Consolidate multiple tasks or operations into a single computational unit. This pattern can increase compute resource utilization, and reduce the costs and management overhead associated with performing compute processing in cloud-hosted applications.
合并多個任務或操作成一個單一的計算單元。這種模式可以提高計算資源的利用率,并降低與云托管的應用程序進行計算處理相關的成本和管理開銷。
Context and Problem 背景與問題
A cloud application frequently implements a variety of operations. In some solutions it may make sense initially to follow the design principle of separation of concerns, and divide these operations into discrete computational units that are hosted and deployed individually (for example, as separate roles in a Microsoft Azure Cloud Service, separate Azure Web Sites, or separate Virtual Machines). However, although this strategy can help to simplify the logical design of the solution, deploying a large number of computational units as part of the same application can increase runtime hosting costs and make management of the system more complex.
云應用程序頻繁地實現各種操作。在一些解決方案可能是有意義最初遵循的關注點分離的設計原則,并劃分這些操作成離散的計算單位并進行托管和獨立部署(例如,如在微軟Azure云服務,獨立Azure網站,獨立角色離散計算單元,或單獨的虛擬機)。然而,盡管這種策略可以幫助簡化解決方案的邏輯設計,可部署大量計算單元在同一應用下提高運行時的托管費用,使系統的管理更加復雜。
As an example, Figure 1 shows the simplified structure of a cloud-hosted solution that is implemented using more than one computational unit. Each computational unit runs in its own virtual environment. Each function has been implemented as a separate task (labeled Task A through Task E) running in its own computational unit.
作為一個例子,圖1示出了使用多個計算單元實施了云托管解決方案的簡化的結構。每個計算單元在自己的虛擬環境中運行。每個功能已被實現為自己的計算單元上運行一個單獨的任務(通過任務E標記任務A)。
Figure 1 - Running tasks in a cloud environment by using a set of dedicated computational units
圖1 - 通過使用一組專用的計算單元運行在云環境中的任務
Each computational unit consumes chargeable resources, even when it is idle or lightly used. Therefore, this approach may not always be the most cost-effective solution.
每個計算單元消耗的資源收費,即使是空閑或輕易使用。因此,這種方法可能不總是最有成本效益的解決方案。
Solution 解決方案
To help reduce costs, increase utilization, improve communication speed, and ease the management effort it may be possible to consolidate multiple tasks or operations into a single computational unit.
為了幫助降低成本,提高利用率,提高通信速度,減輕管理工作有可能將多個任務或操作固定成一個單一的計算單元。

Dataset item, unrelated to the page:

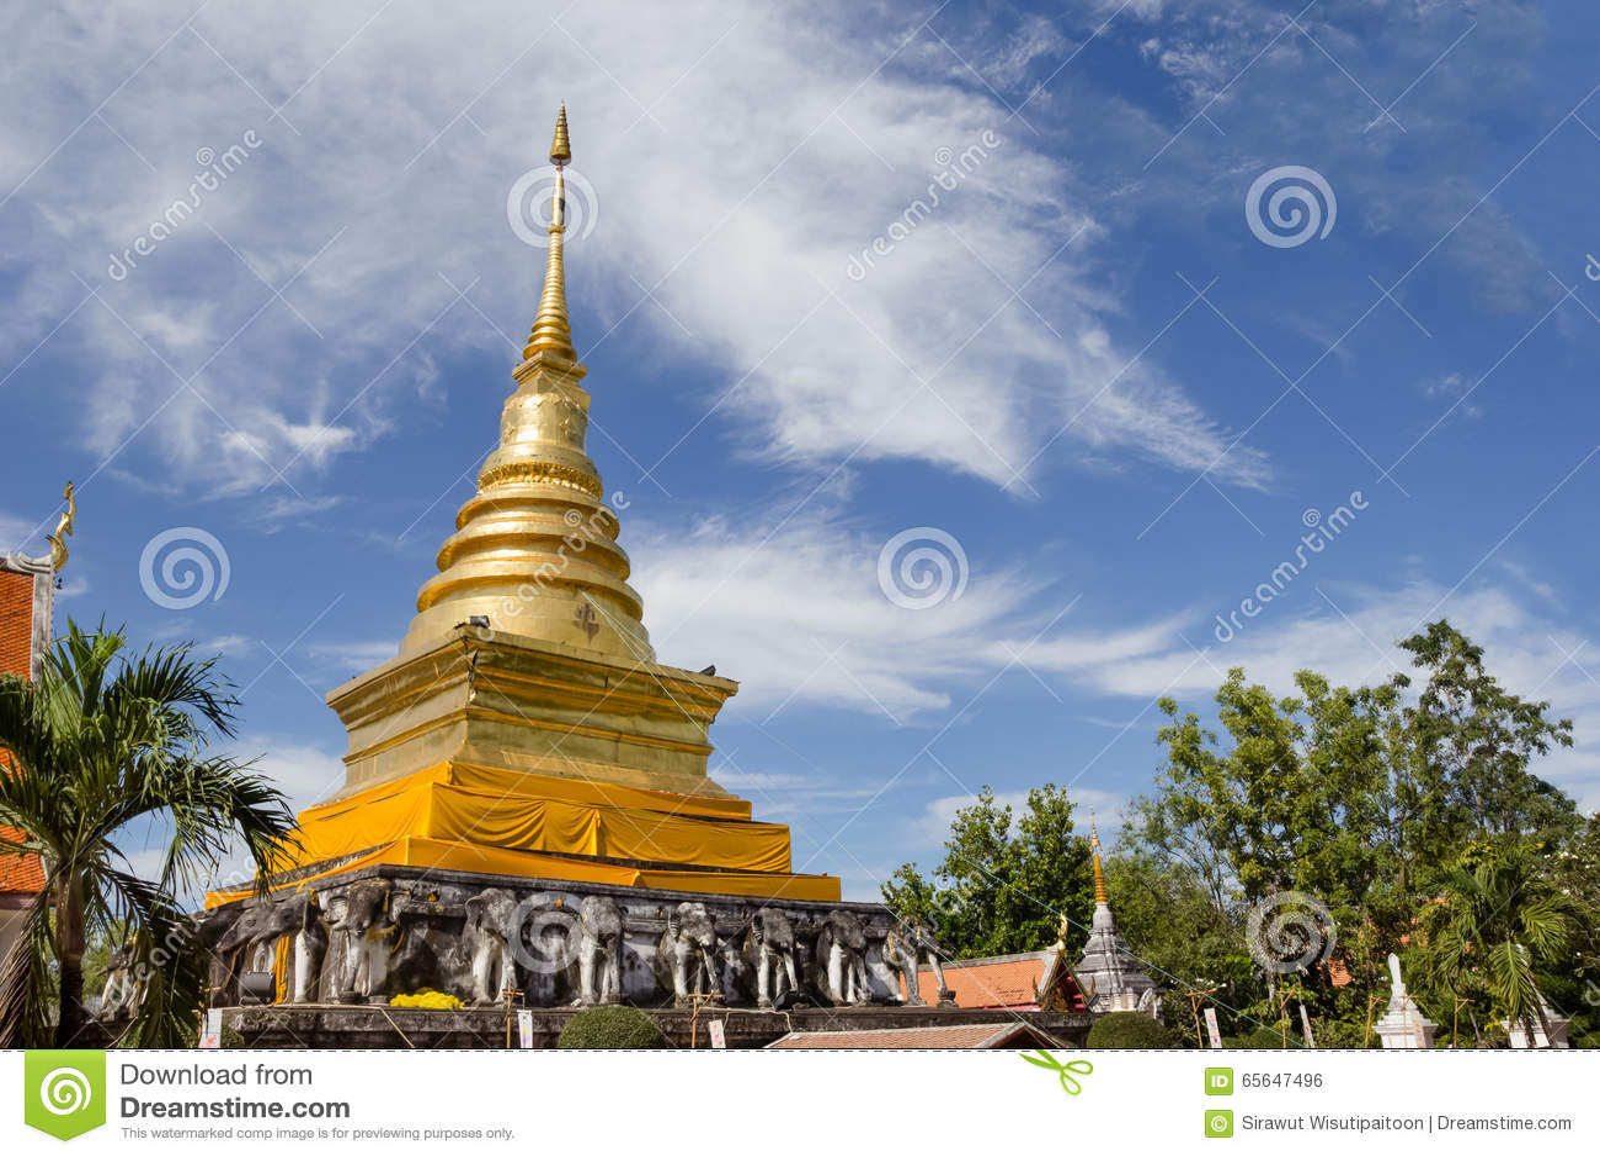 Temple de Wat Pra Tard Chang Kum en Nan Province, Thaïlande

Tasks can be grouped according to a variety of criteria based on the features provided by the environment, and the costs associated with these features. A common approach is to look for tasks that have a similar profile concerning their scalability, lifetime, and processing requirements. Grouping these items together allows them to scale as a unit. The elasticity provided by many cloud environments enables additional instances of a computational unit to be started and stopped according to the workload. For example, Azure provides autoscaling that you can apply to roles in a Cloud Service, Web Sites, and Virtual Machines. For more information, see Autoscaling Guidance.
任務可以根據各種基于由環境提供的功能,以及與這些功能相關的成本標準進行分組。一種常見的方法是尋找有關于他們的可擴展性,壽命和加工要求具有相似的任務。分組這些產品一起使它們能夠擴展為一個單元。由許多云環境所提供的彈性使一計算單元的其他實例,以根據業務負載來啟動和停止。例如,Azure提供了自動縮放,可以適用于云服務的角色、網站和虛擬機。欲了解更多信息,請參閱自動縮放指導。
As a counter example to show how scalability can be used to determine which operations should probably not be grouped together, consider the following two tasks:
作為抗衡例子來說明的可擴展性可以如何被用來確定哪些操作可能不應該被分組在一起,考慮以下兩個任務:
- Task 1 polls for infrequent, time-insensitive messages sent to a queue.
- Task 2 handles high-volume bursts of network traffic.
•任務1輪詢發送到隊列的情況較少,時間不敏感的消息。
•任務2處理高容量爆發的網絡流量。
The second task requires elasticity that may involve starting and stopping a large number of instances of the computational unit. Applying the same scaling to the first task would simply result in more tasks listening for infrequent messages on the same queue, and is a waste of resources.
第二任務要求的彈性可能涉及在啟動和停止的大量的計算單元的實例。應用相同的縮放到第一任務只會導致更多的任務上監聽同一隊列不頻繁的消息,并且是一種資源的浪費。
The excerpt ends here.